Ethan Jolley

Personal information
- Full name: Ethan Terence Jolley
- Date of birth: 29 March 1997 (age 29)
- Place of birth: Gibraltar
- Position: Defender

Team information
- Current team: Lincoln Red Imps
- Number: 2

Youth career
- Atlético Zabal

Senior career*
- Years: Team / Apps / (Gls)
- 2013–2015: College Europa / 16 / (0)
- 2015–2016: Lincoln Red Imps / 7 / (0)
- 2015–2016: → Lynx (loan) / 21 / (0)
- 2016–2017: Mons Calpe / 24 / (0)
- 2017–2023: Europa / 104 / (0)
- 2023–2026: St Joseph's / 53 / (0)
- 2026–: Lincoln Red Imps / 2 / (0)

International career^{‡}
- 2013: Gibraltar U17 / 3 / (0)
- 2014–2015: Gibraltar U19 / 6 / (0)
- 2017–2018: Gibraltar U21 / 6 / (0)
- 2019–: Gibraltar / 46 / (0)

= Ethan Jolley =

Professional Gibraltarian footballer

Ethan Terence Jolley (born 29 March 1997) is a professional Gibraltarian footballer who plays as a defender for Lincoln Red Imps and the Gibraltar national team. He is the cousin of fellow national team footballer Tjay De Barr.

==Career==
Jolley made his international debut for Gibraltar on 26 March 2019, coming on as a substitute for Tjay De Barr in second-half stoppage time of the friendly match against Estonia, which finished as a 0–1 home loss.

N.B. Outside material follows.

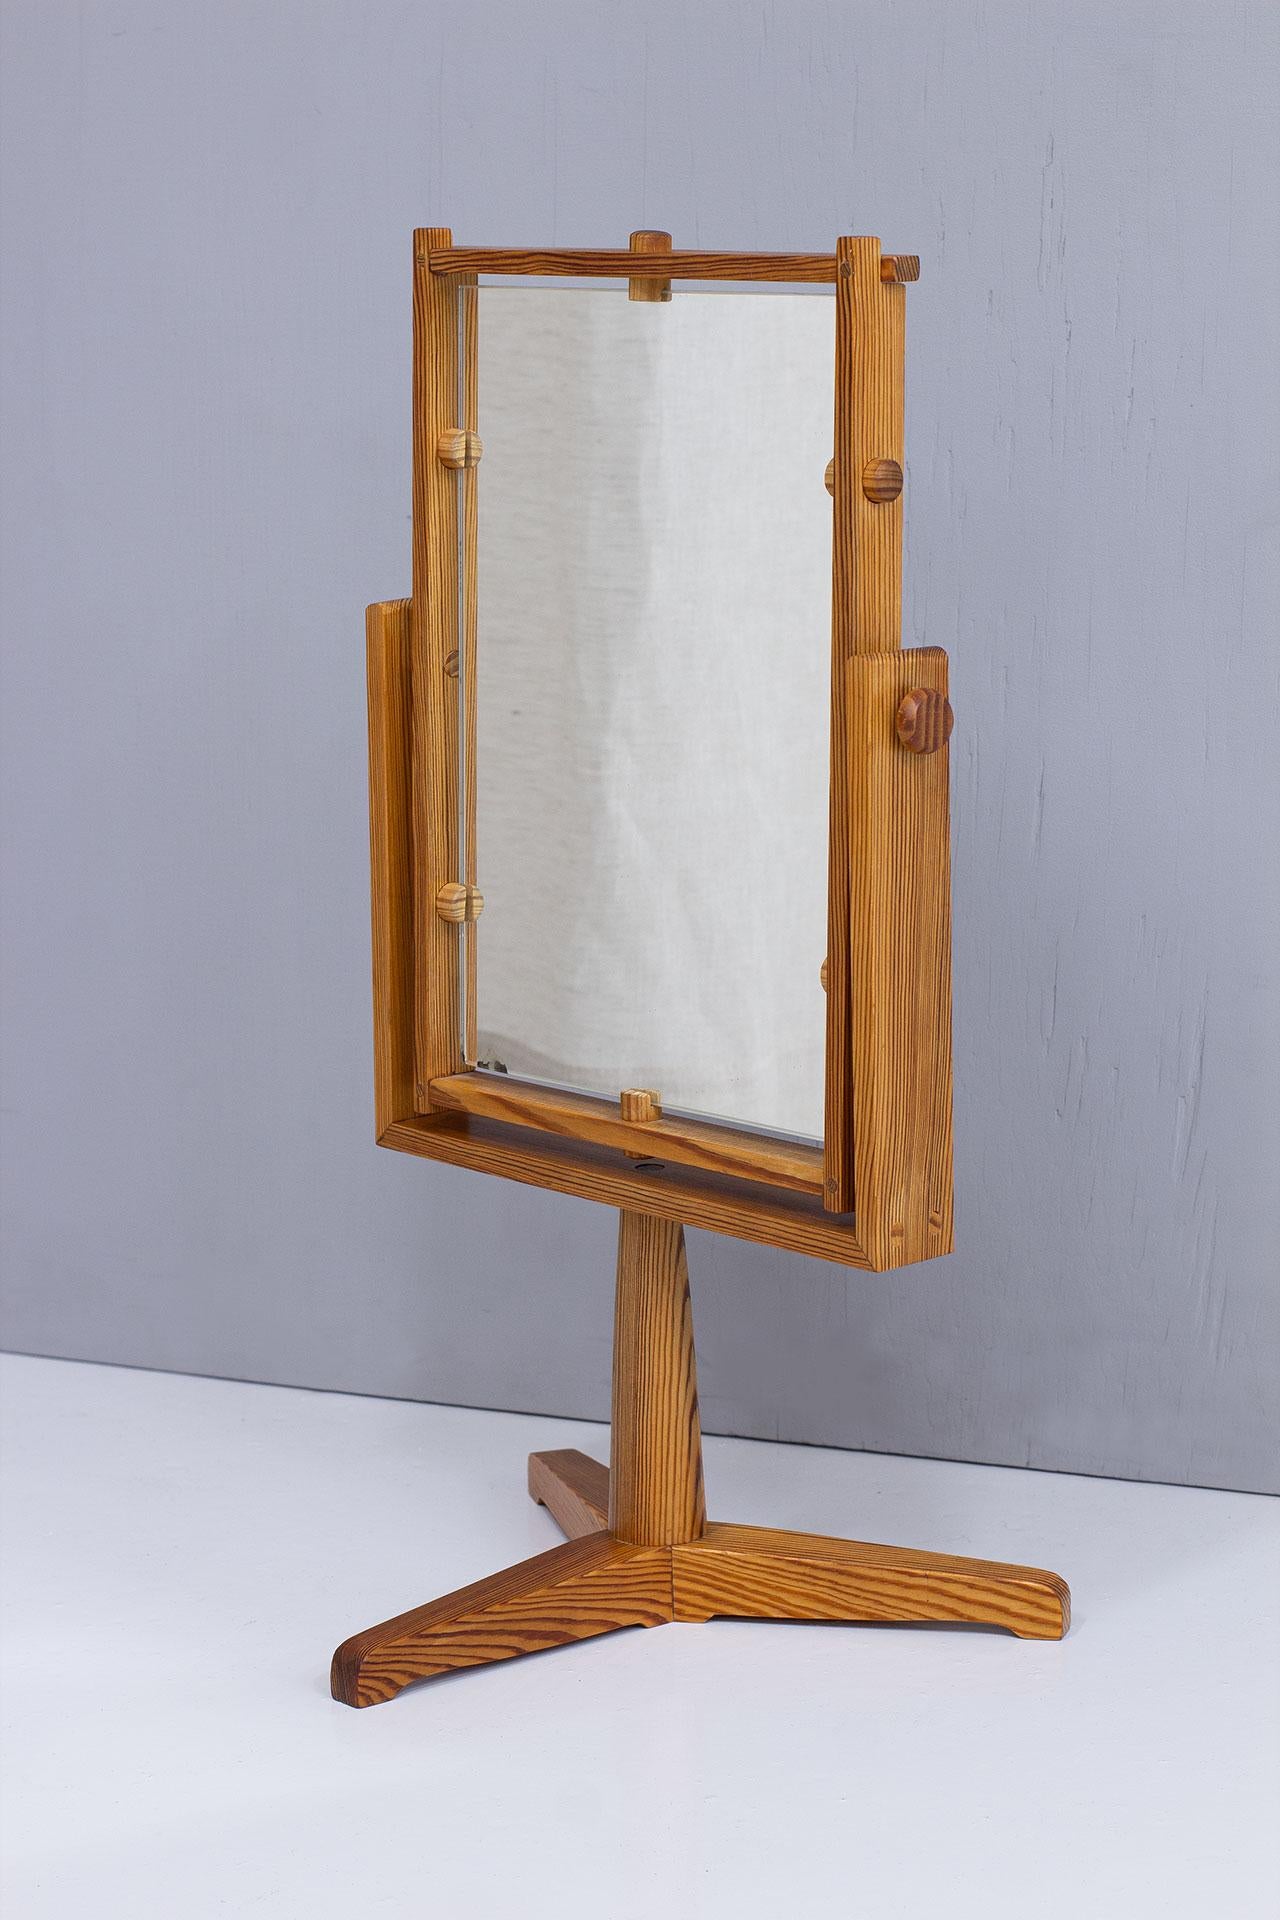 Miroir de table fabriqué en Suède dans les années 1960.  Fabriqué en pin massif avec une menuiserie et des détails élégants dans la réalisation. Dos du meuble-lavabo recouvert à l'origine d'un placage de bois.
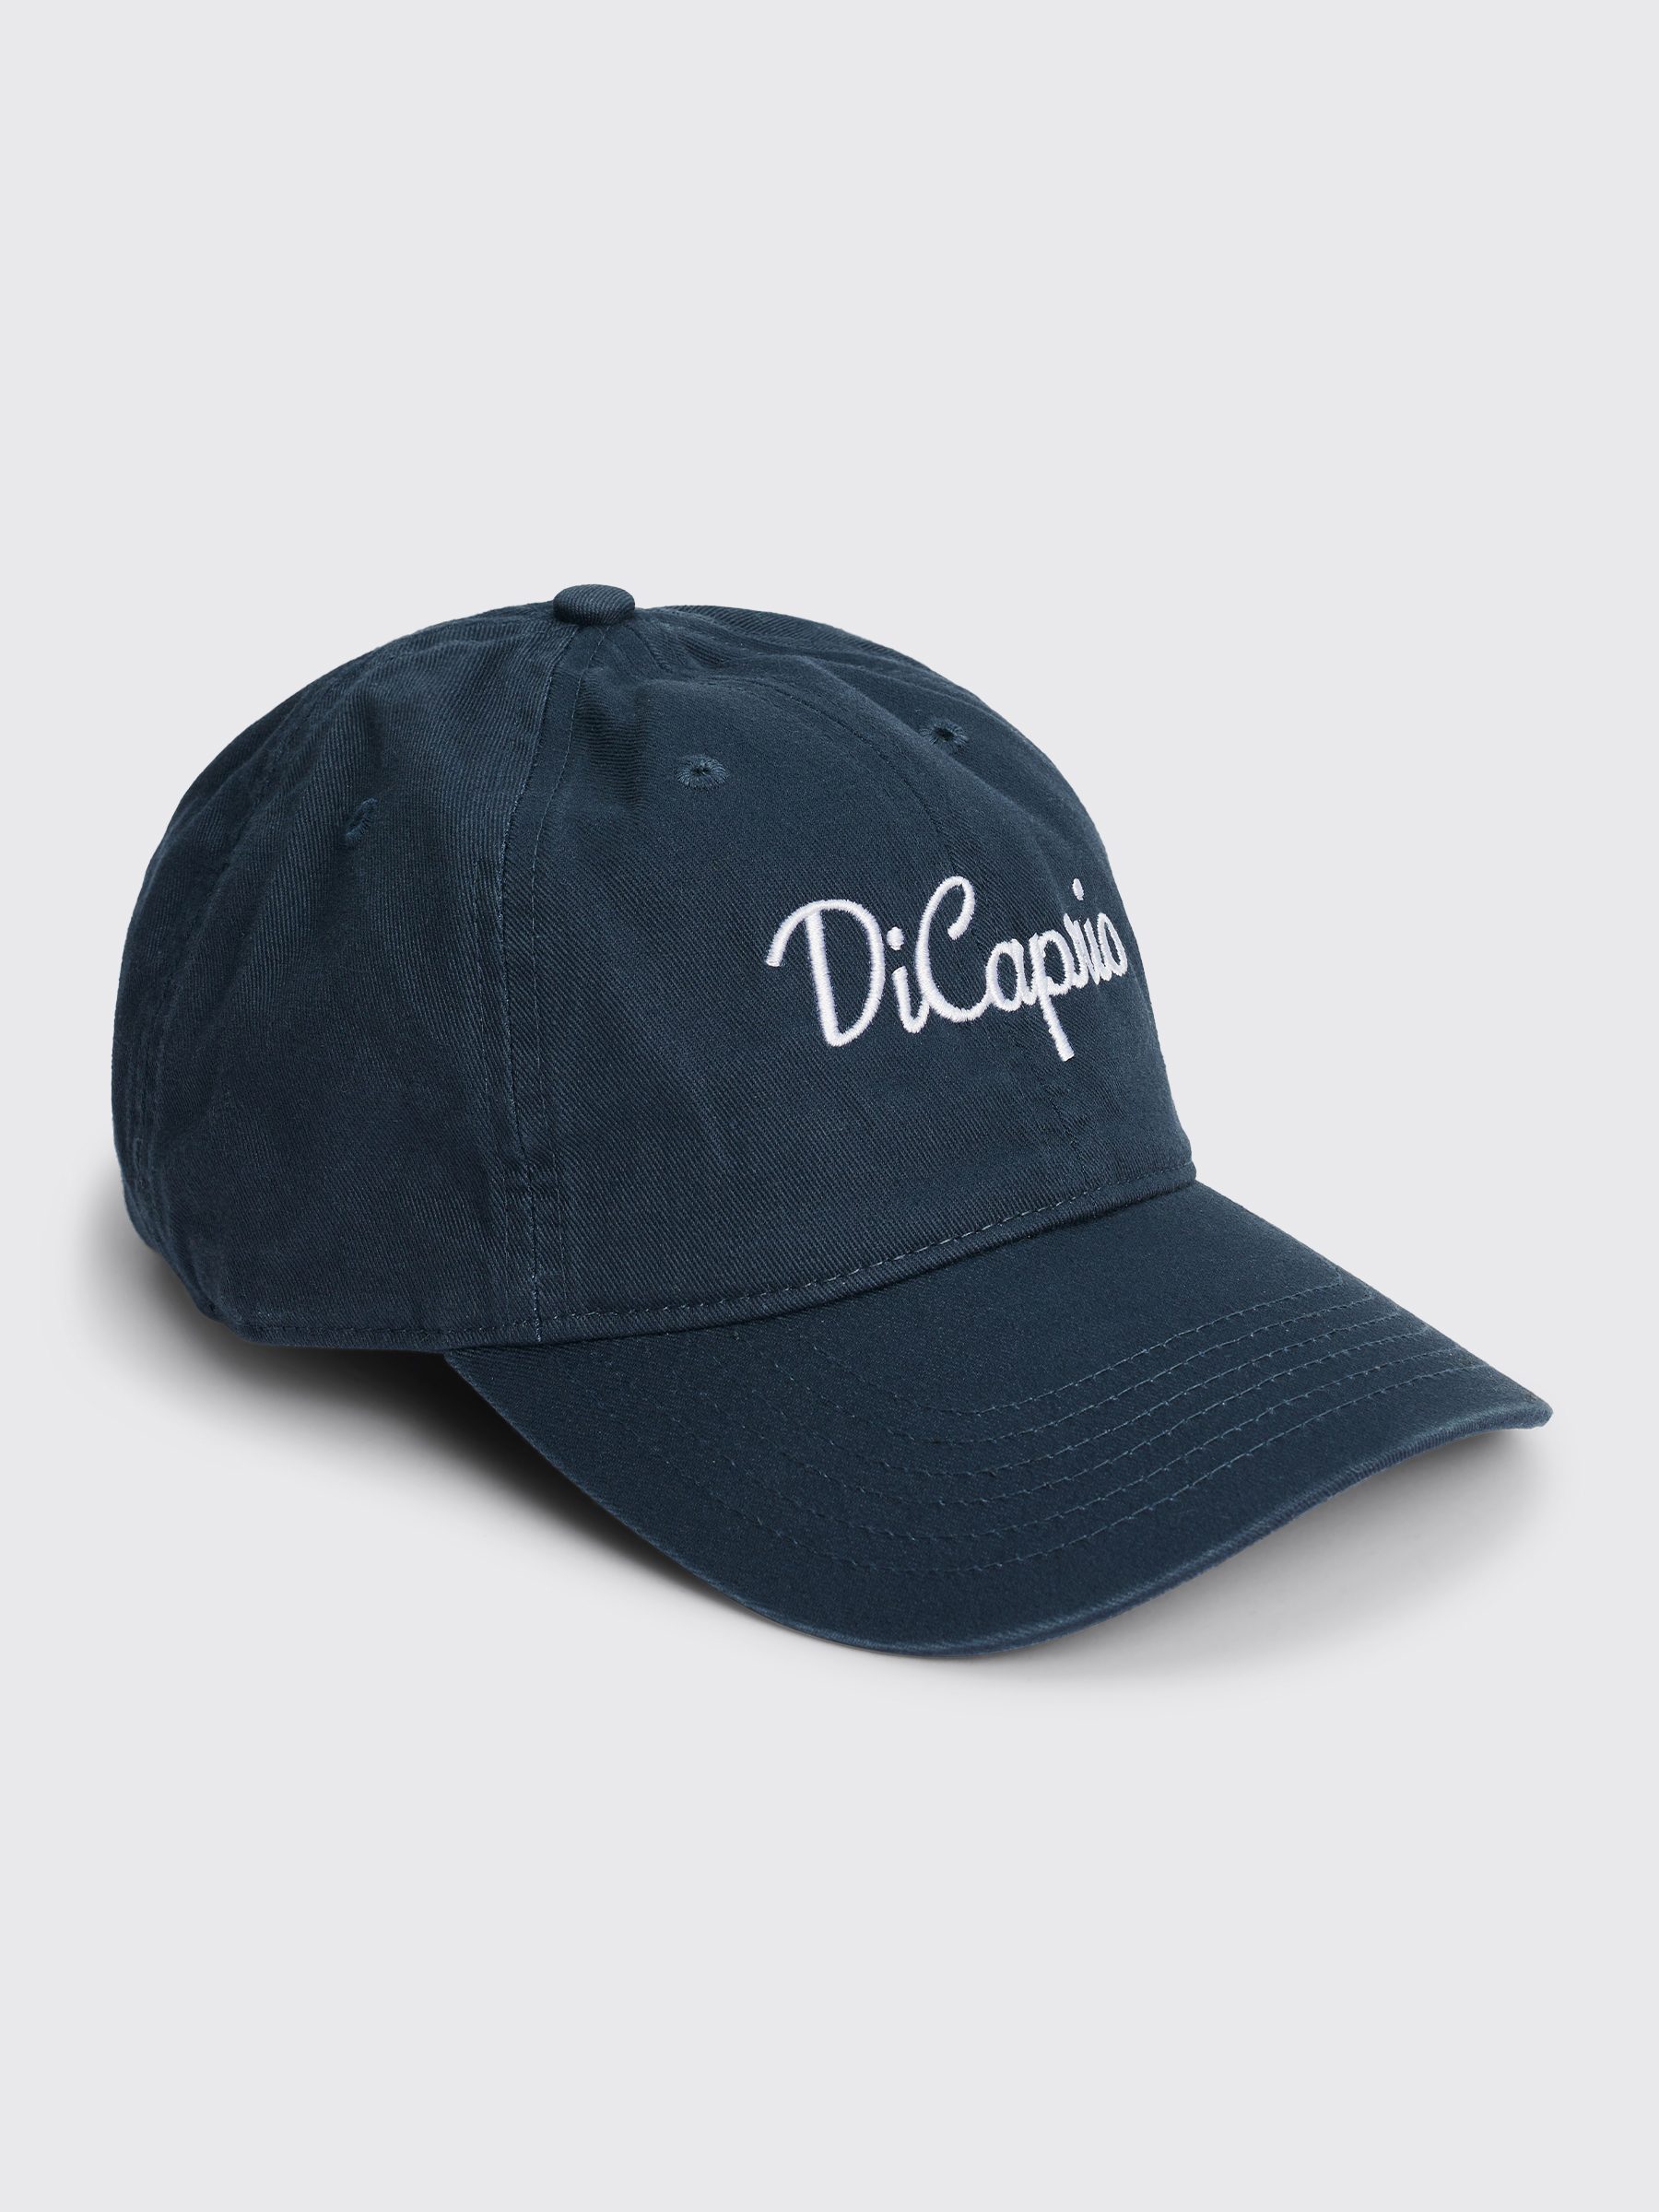 IDEA BOOKS キャップ Dicaprio ディカプリオ - 帽子

On 7 July 2023, Jolley signed a contract with St Joseph's.

==Career statistics==

===International===

Gibraltar
| Year | Apps | Goals |
| 2019 | 4 | 0 |
| 2020 | 4 | 0 |
| 2021 | 4 | 0 |
| 2022 | 8 | 0 |
| 2023 | 8 | 0 |
| 2024 | 7 | 0 |
| 2025 | 6 | 0 |
| 2026 | 5 | 0 |
| Total | 46 | 0 |

==Honours==
- St Joseph's
- Pepe Reyes Cup: 2024

==Personal life==
Ethan Jolley's cousin is fellow international Tjay De Barr and his father is the former player and current F.C. Bruno's Magpies's coach Terrence Jolley. Outside of football, he works as a shipping agent.